The architecture of the Europan colony was a plug-in tetrahedron structure, modelled after crystal lattice. She liked living inside the frame, inside the spaces. The interior of the base was airy and cool. It used voids positively. The walkway to the moon pool was a bluely lit transparent tube of reinforced plastic, with the dark lake all around, and swirling overhead, a question mark of megafauna. From the ventilation shaft, the sound of fans winding down, the air settling warm and still. Quarantine. She went to the edge of the moonpool still in her labcoat. Fifteen years since her last cigarette but at times like this… moments of risk… no, she would keep her distance. There was more at stake than her wellbeing. Ballurian had chosen her for this role. She should take satisfaction in that. But she did not. It only confused her in the way that all compliments confused her, because she distrusted the intent behind the flattery.
She went into the observation post and sealed it off from the rest of the dock. Through reinforced glass, she watched the moon pool rose up in foaming gouts, and then the pod broke the surface. The jellyfish, having steered their cargo successfully, slid off and back into the water. It was the same type of pod they had used to land on Europa fifteen years earlier. Whoever this man was, he had travelled by sailship too.
The pod opened. The man climbed out of the forward hatch. He wore a tattered grey sensesuit and his face was marked with the coiling scars of a weirdcore habit. The sensesuit was charred down one side and the front was streaked with blood. He looked around for the welcome committee, then understood that it was just her, behind the glass.
He introduced himself. “Theodore Drown. From the Destructives.”
She flicked on the intercom. “I am Professor Pretor,” she said.
“From the University of the Moon.” He did not look directly at her but rather tried to take in as much of the surroundings as possible while maintaining an air of casual interest.
“I’ve seen you before, Professor Pretor. There is a statue of you among your colleagues at the university. There are also recordings of you. Everybody thinks you are dead.”

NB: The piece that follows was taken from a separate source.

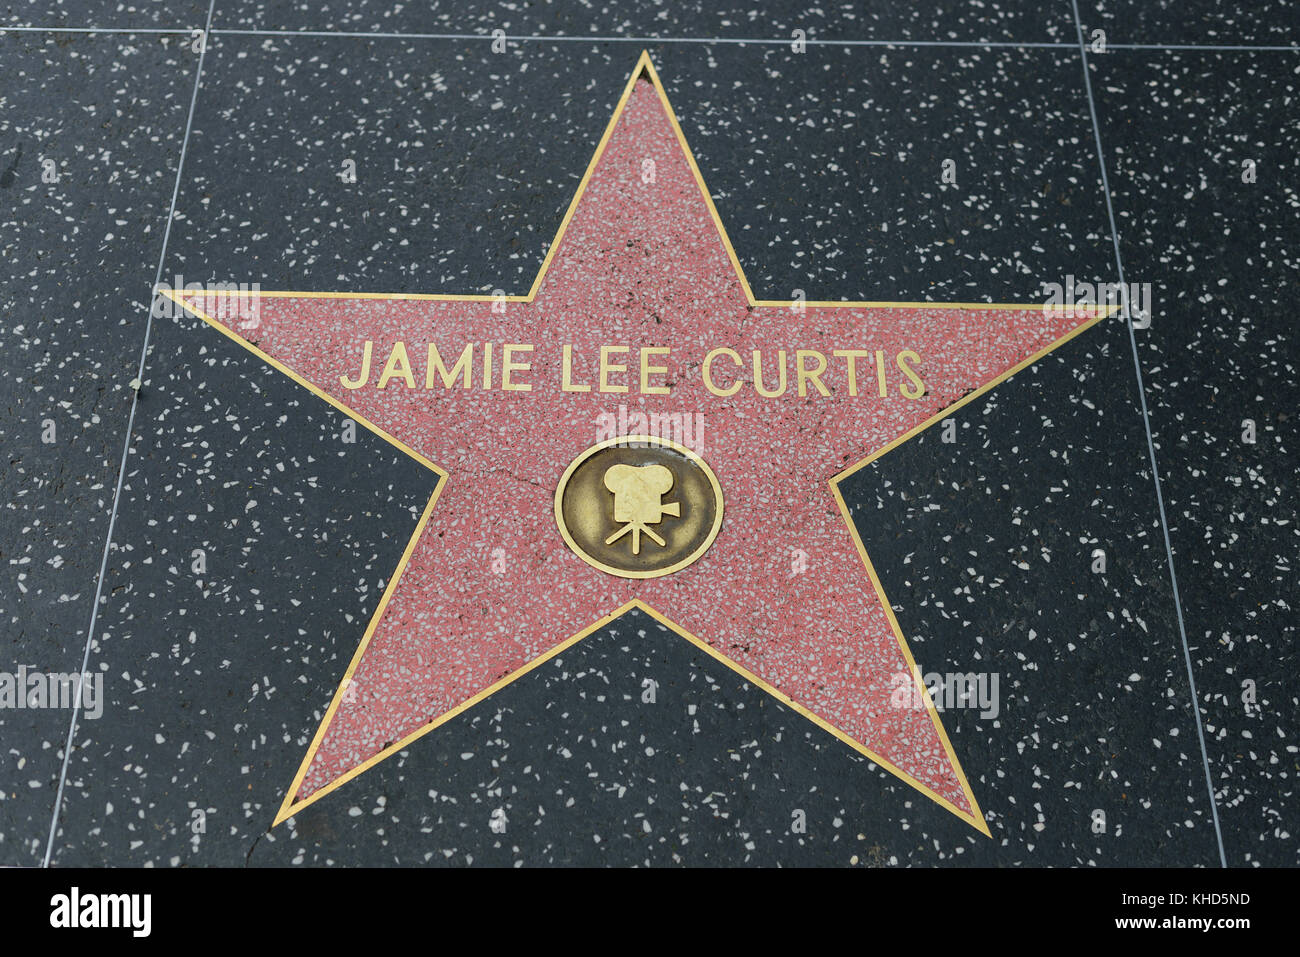 HOLLYWOOD, CA - DICIEMBRE 06: Jamie Lee Curtis protagoniza el Paseo de la Fama de Hollywood en Hollywood, California el 6 de diciembre de 2016. Foto de stock

She wondered if he was from some offshoot of law-enforcement.
“I’ve seen scraps of your old spacesuit in moon craters,” said Theodore. “We followed your footsteps.”
She said, “You came to Europa by sailship.”
“Yes,” he winced at a pain down his side.
“How did you hitch your ride?”
“You showed me how. You and your colleagues. I found the emergence you left behind on the moon. It is biddable and has influence over the sailships.”
“We didn’t ask you to follow us.”
With one circular motion of his index finger, Theodore indicated their environment.